*** Information provided ***

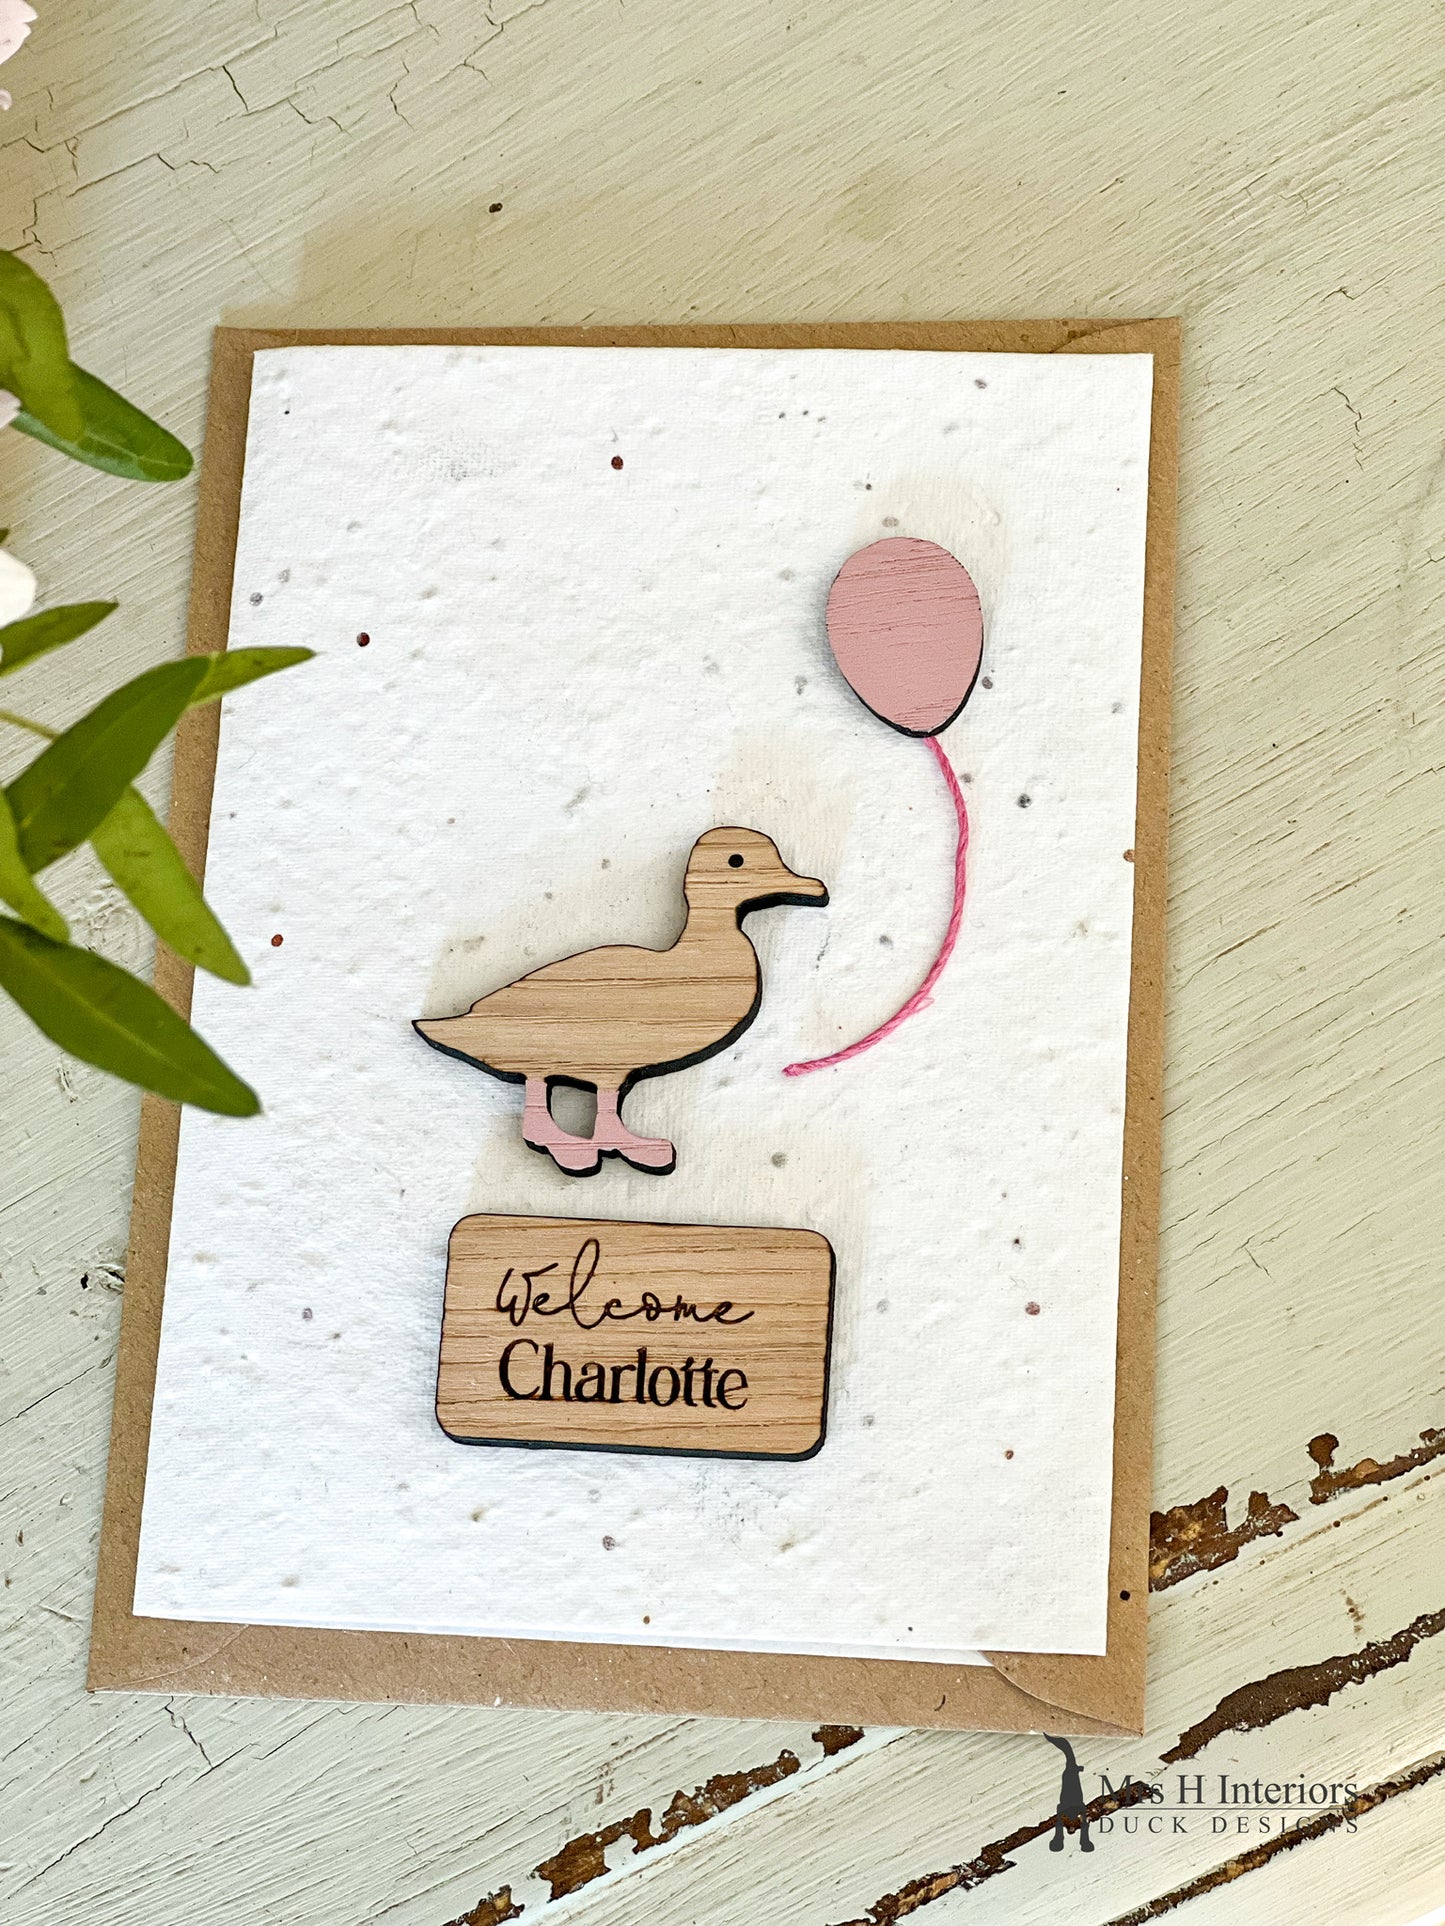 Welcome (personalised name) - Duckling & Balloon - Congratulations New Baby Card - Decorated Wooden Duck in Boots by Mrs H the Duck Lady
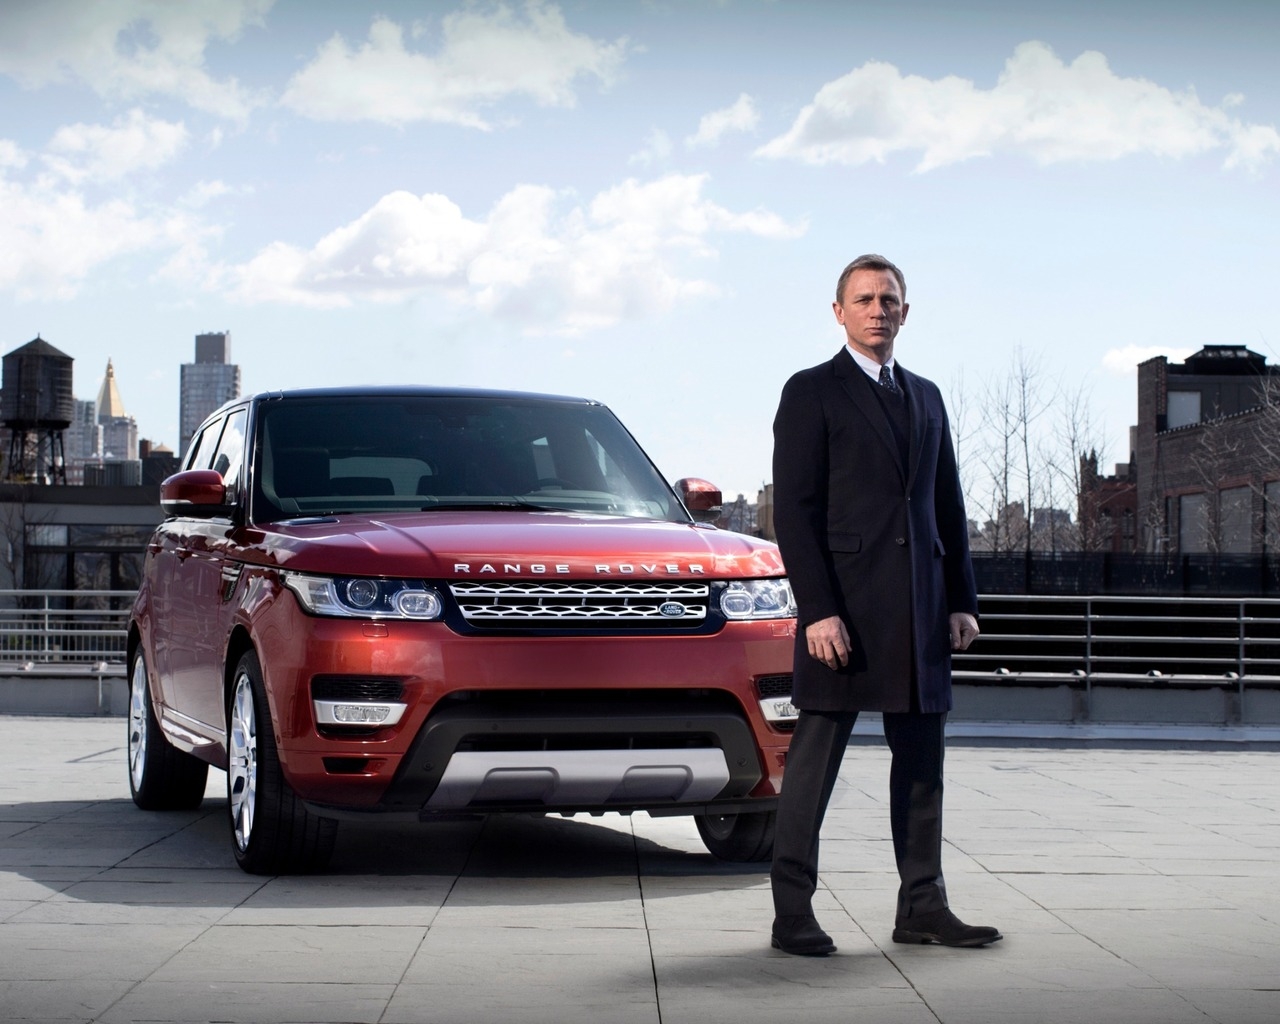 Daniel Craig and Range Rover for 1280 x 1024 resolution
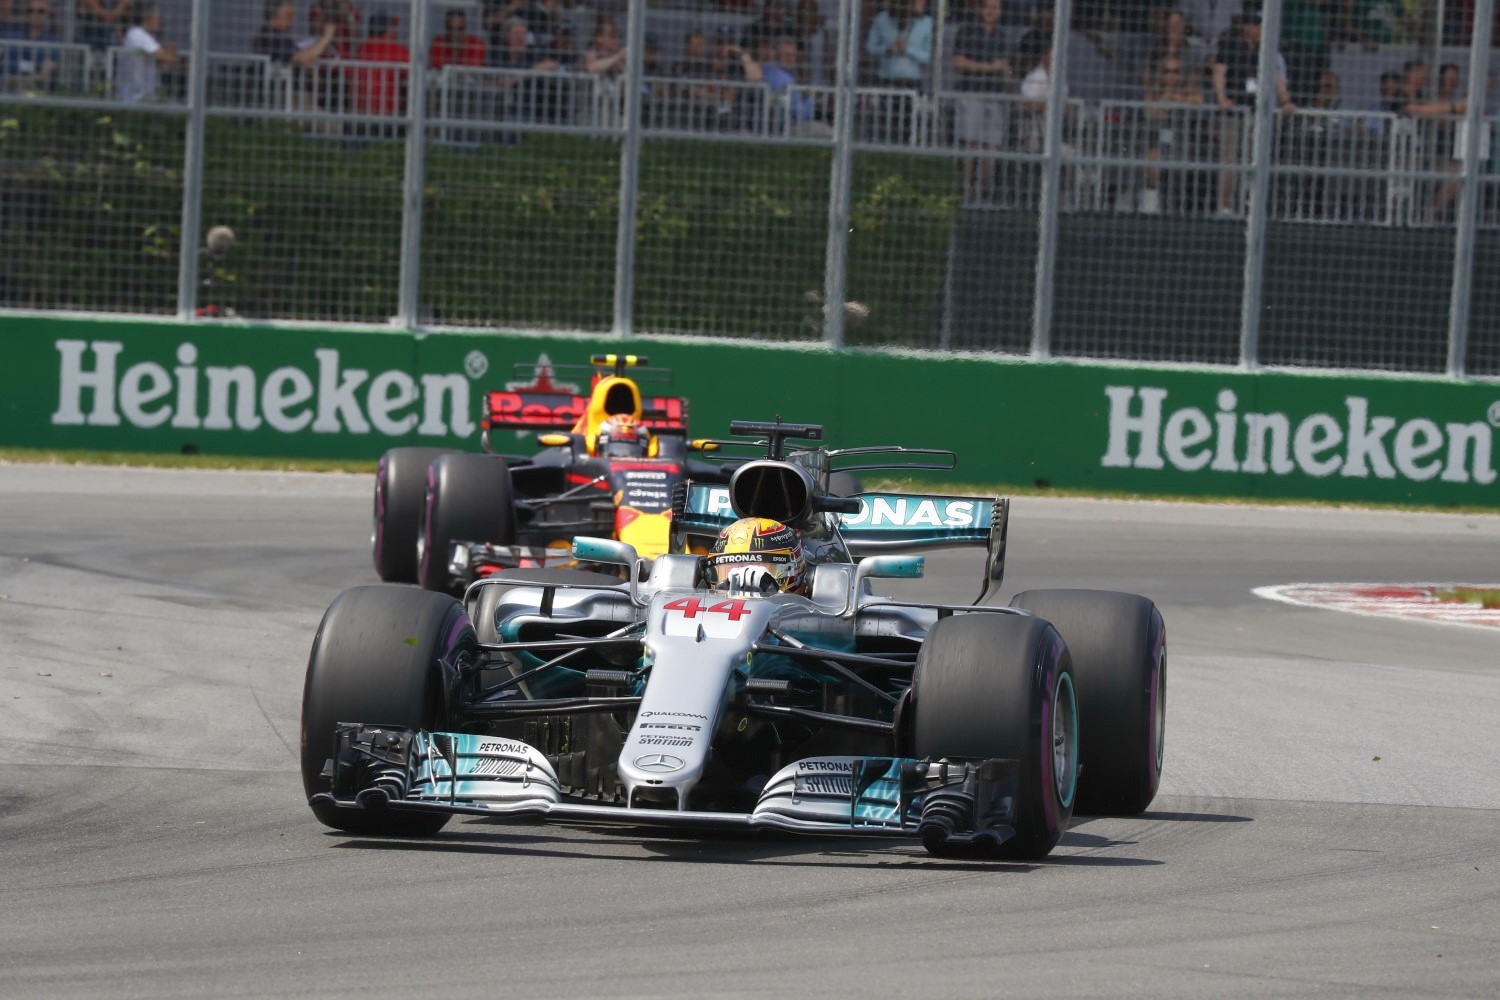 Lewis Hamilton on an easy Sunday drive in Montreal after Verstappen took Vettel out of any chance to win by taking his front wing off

*** End of Information provided ***

Task to complete — Could the material above be given again exactly, pictures excluded?

Answer —
 Welcome (personalised name) - Duckling & Balloon - Congratulations New Baby Card - Decorated Wooden Duck in Boots by Mrs H the Duck Lady
 Daniel Craig and Range Rover for 1280 x 1024 resolution
 Lewis Hamilton on an easy Sunday drive in Montreal after Verstappen took Vettel out of any chance to win by taking his front wing off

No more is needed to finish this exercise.